- **Action item**: As written and without pictures, set down the lines from the one that contains "Bella Glass Tiles" through the end of the data.

- **Dataset content**:
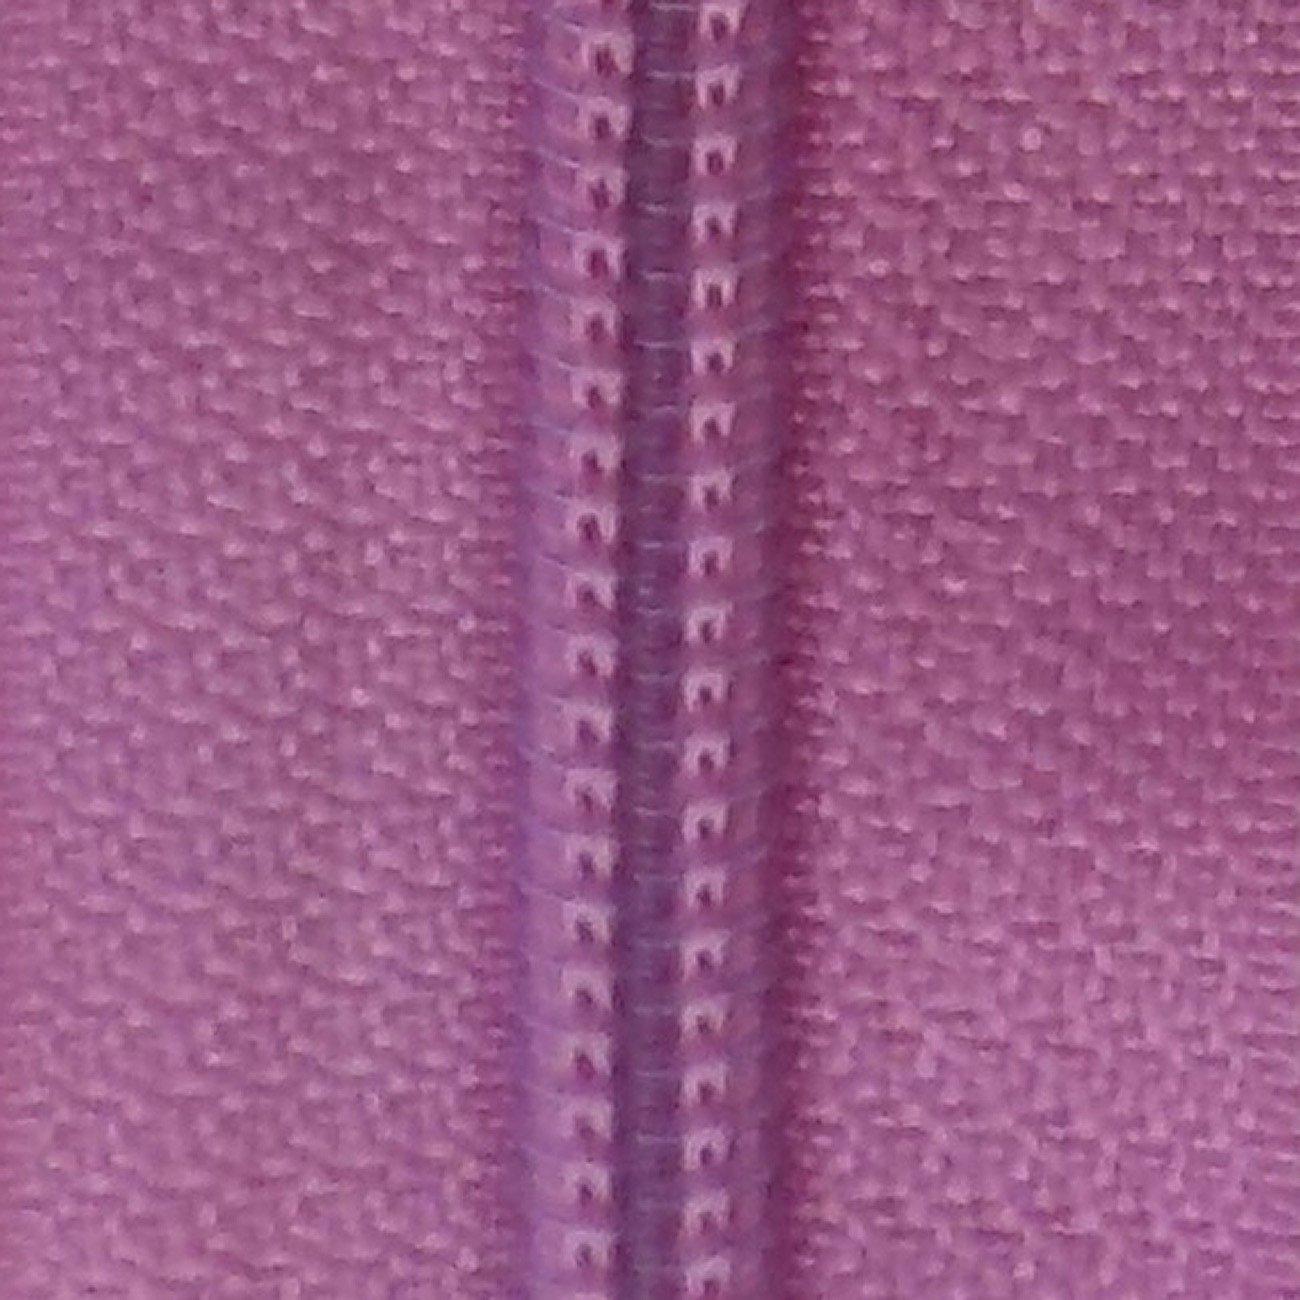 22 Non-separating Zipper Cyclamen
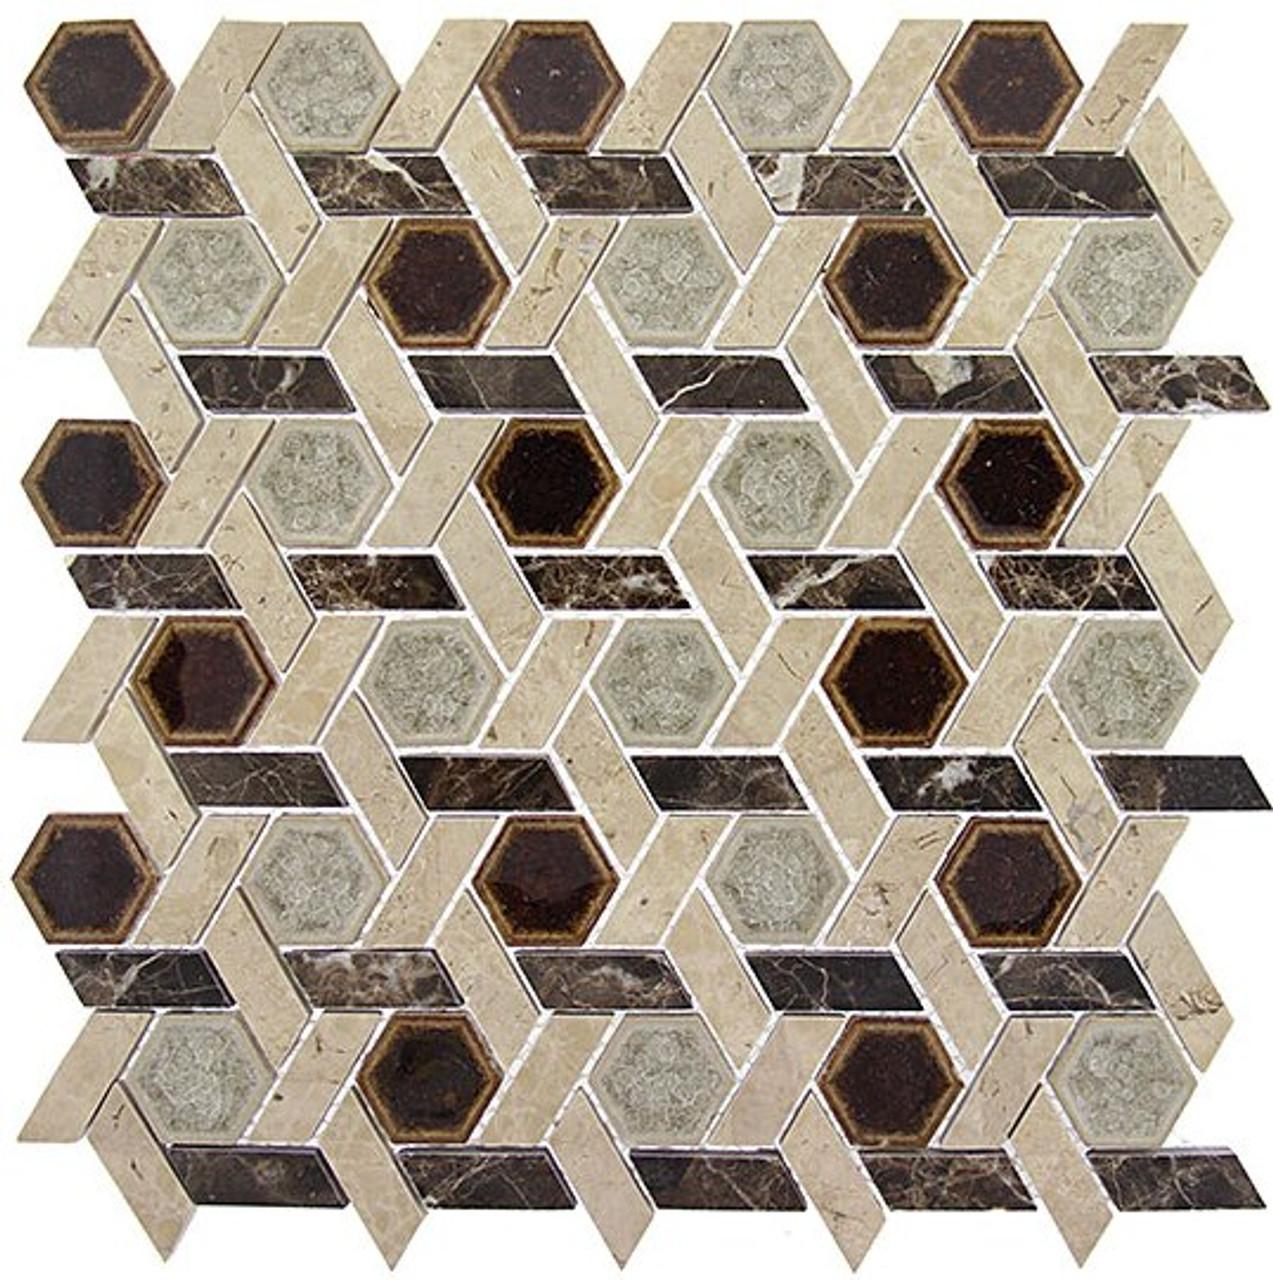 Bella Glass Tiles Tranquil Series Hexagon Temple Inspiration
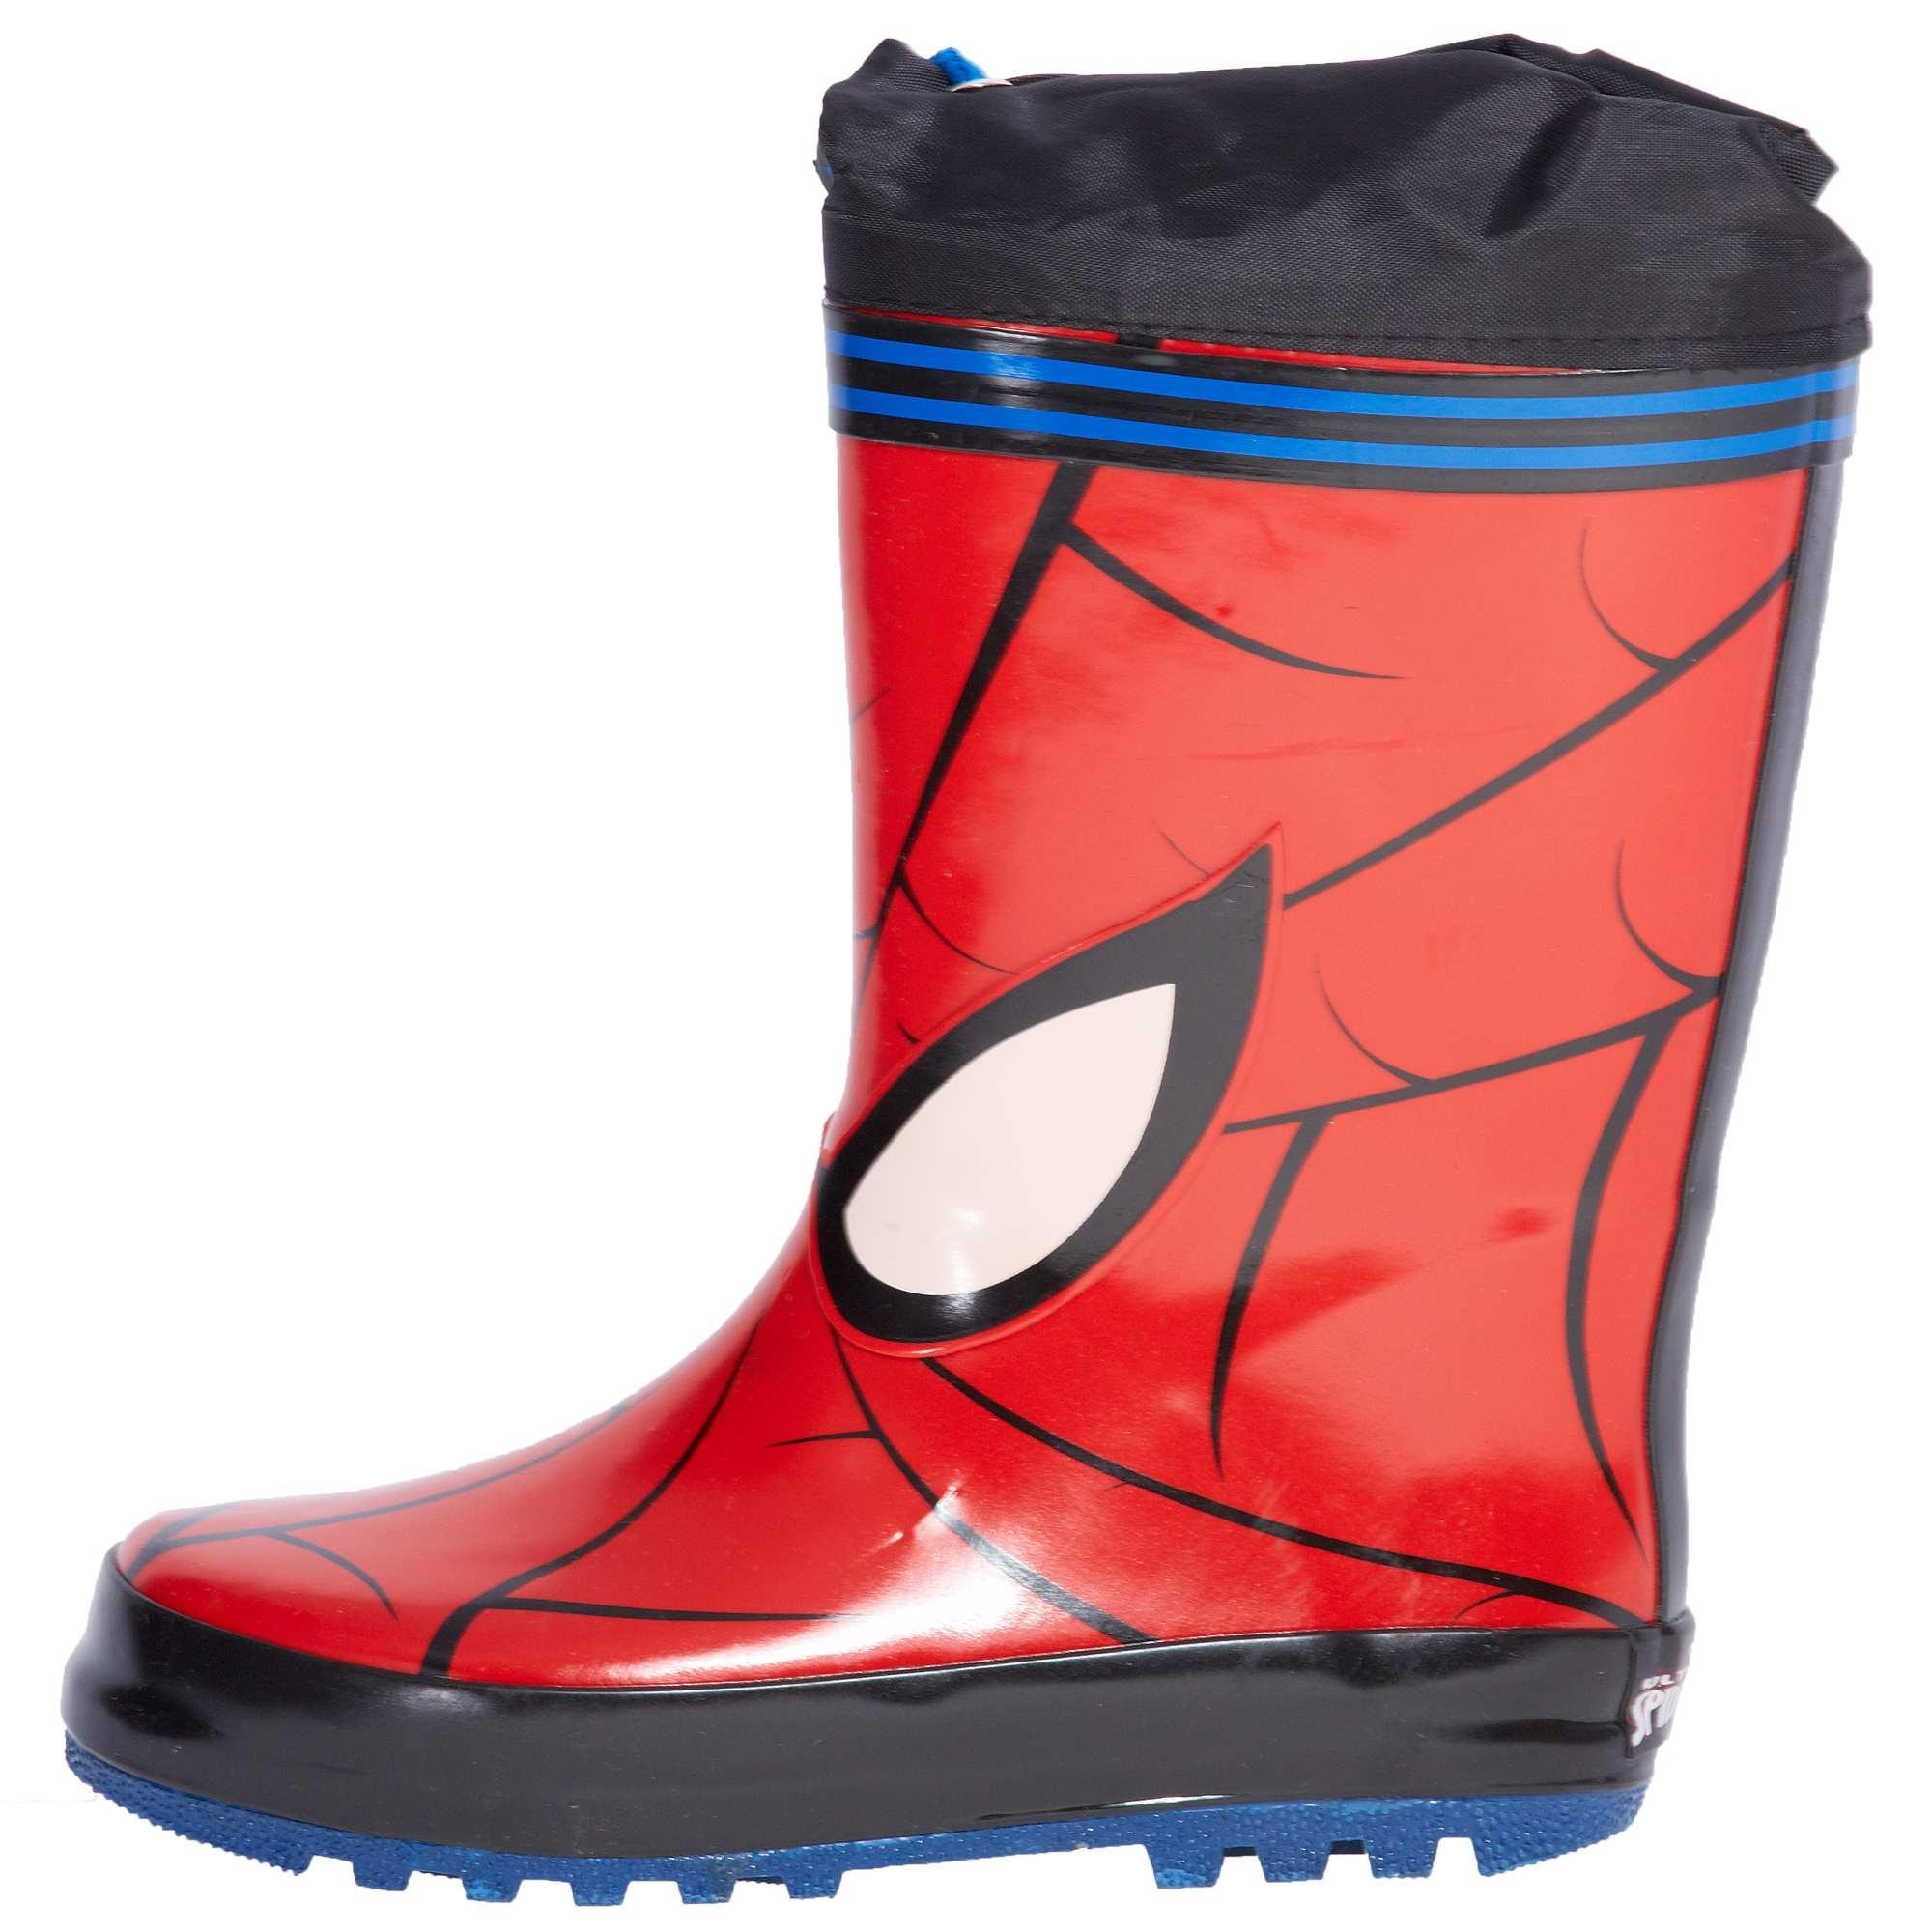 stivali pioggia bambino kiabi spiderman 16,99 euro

- **Task response**:
 Bella Glass Tiles Tranquil Series Hexagon Temple Inspiration
 stivali pioggia bambino kiabi spiderman 16,99 euro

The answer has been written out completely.